[Records contained in a dataset]
---

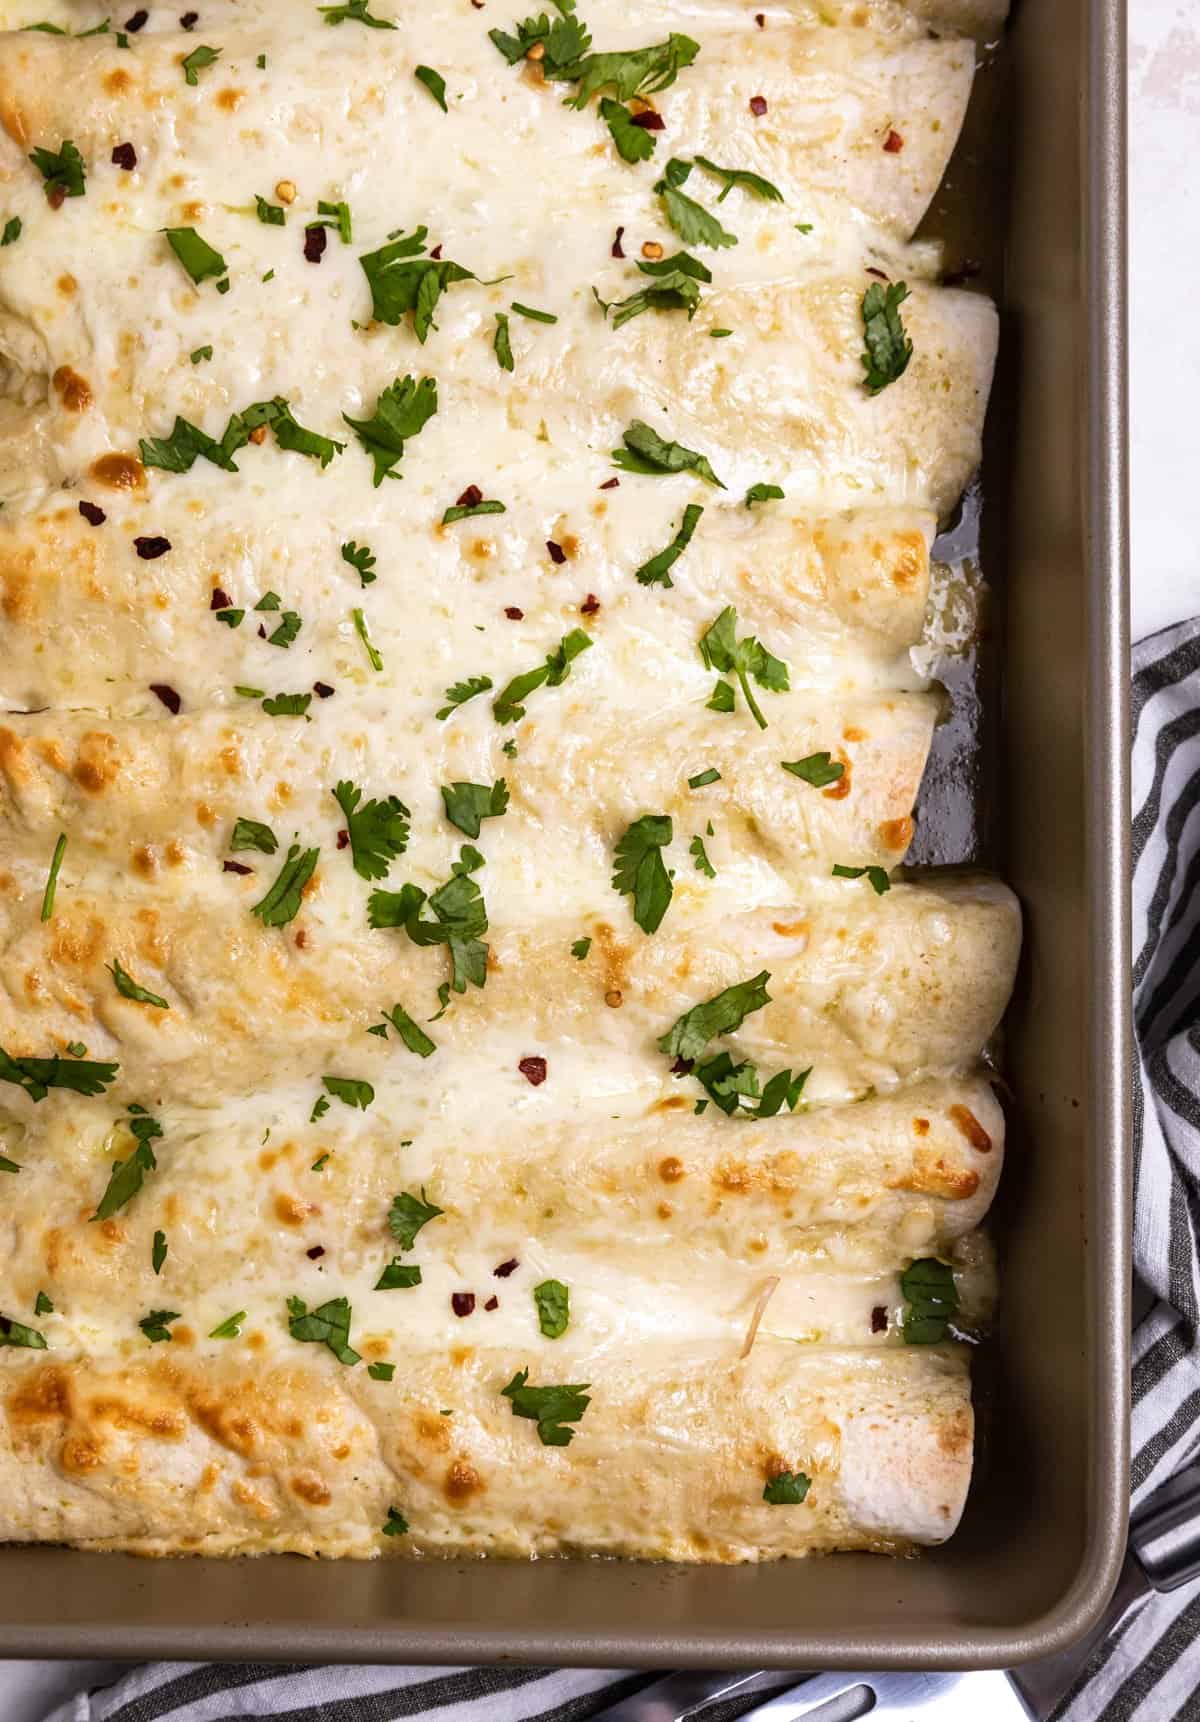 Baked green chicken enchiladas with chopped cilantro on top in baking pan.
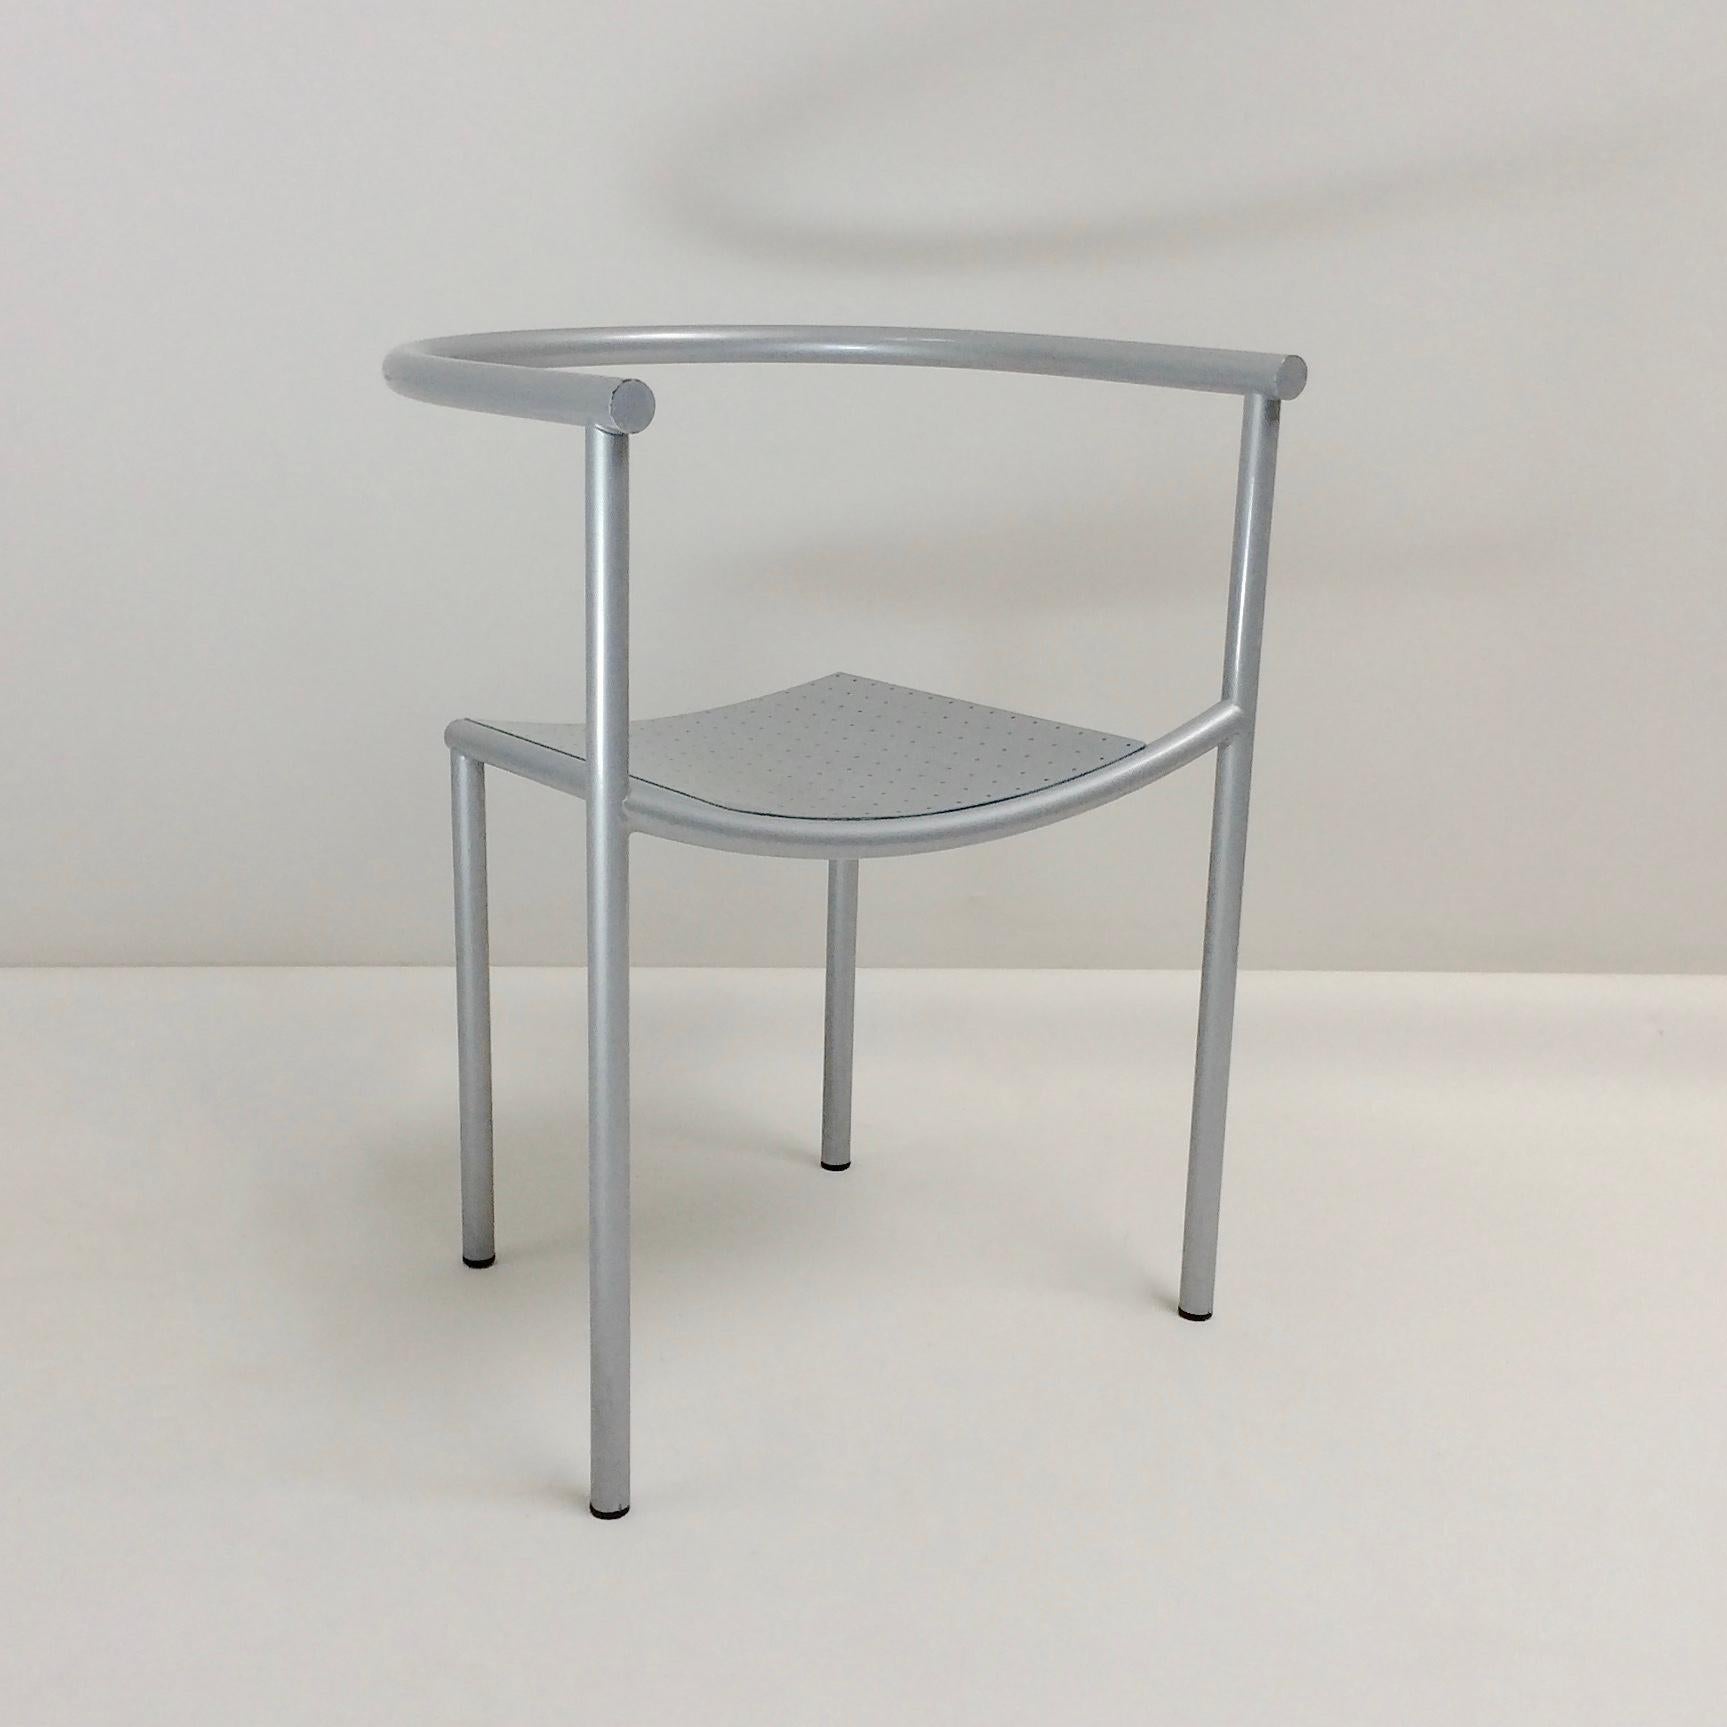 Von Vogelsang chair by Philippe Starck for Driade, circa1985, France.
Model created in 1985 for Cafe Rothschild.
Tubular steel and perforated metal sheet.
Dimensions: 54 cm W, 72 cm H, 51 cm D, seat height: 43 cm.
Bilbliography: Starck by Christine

---

### WORK TASK
Set down exactly the lines that begin with the one containing "Tubular steel and perforated metal sheet." and end with the last line above, and no others.

### WORKED SOLUTION
Tubular steel and perforated metal sheet.
Dimensions: 54 cm W, 72 cm H, 51 cm D, seat height: 43 cm.
Bilbliography: Starck by Christine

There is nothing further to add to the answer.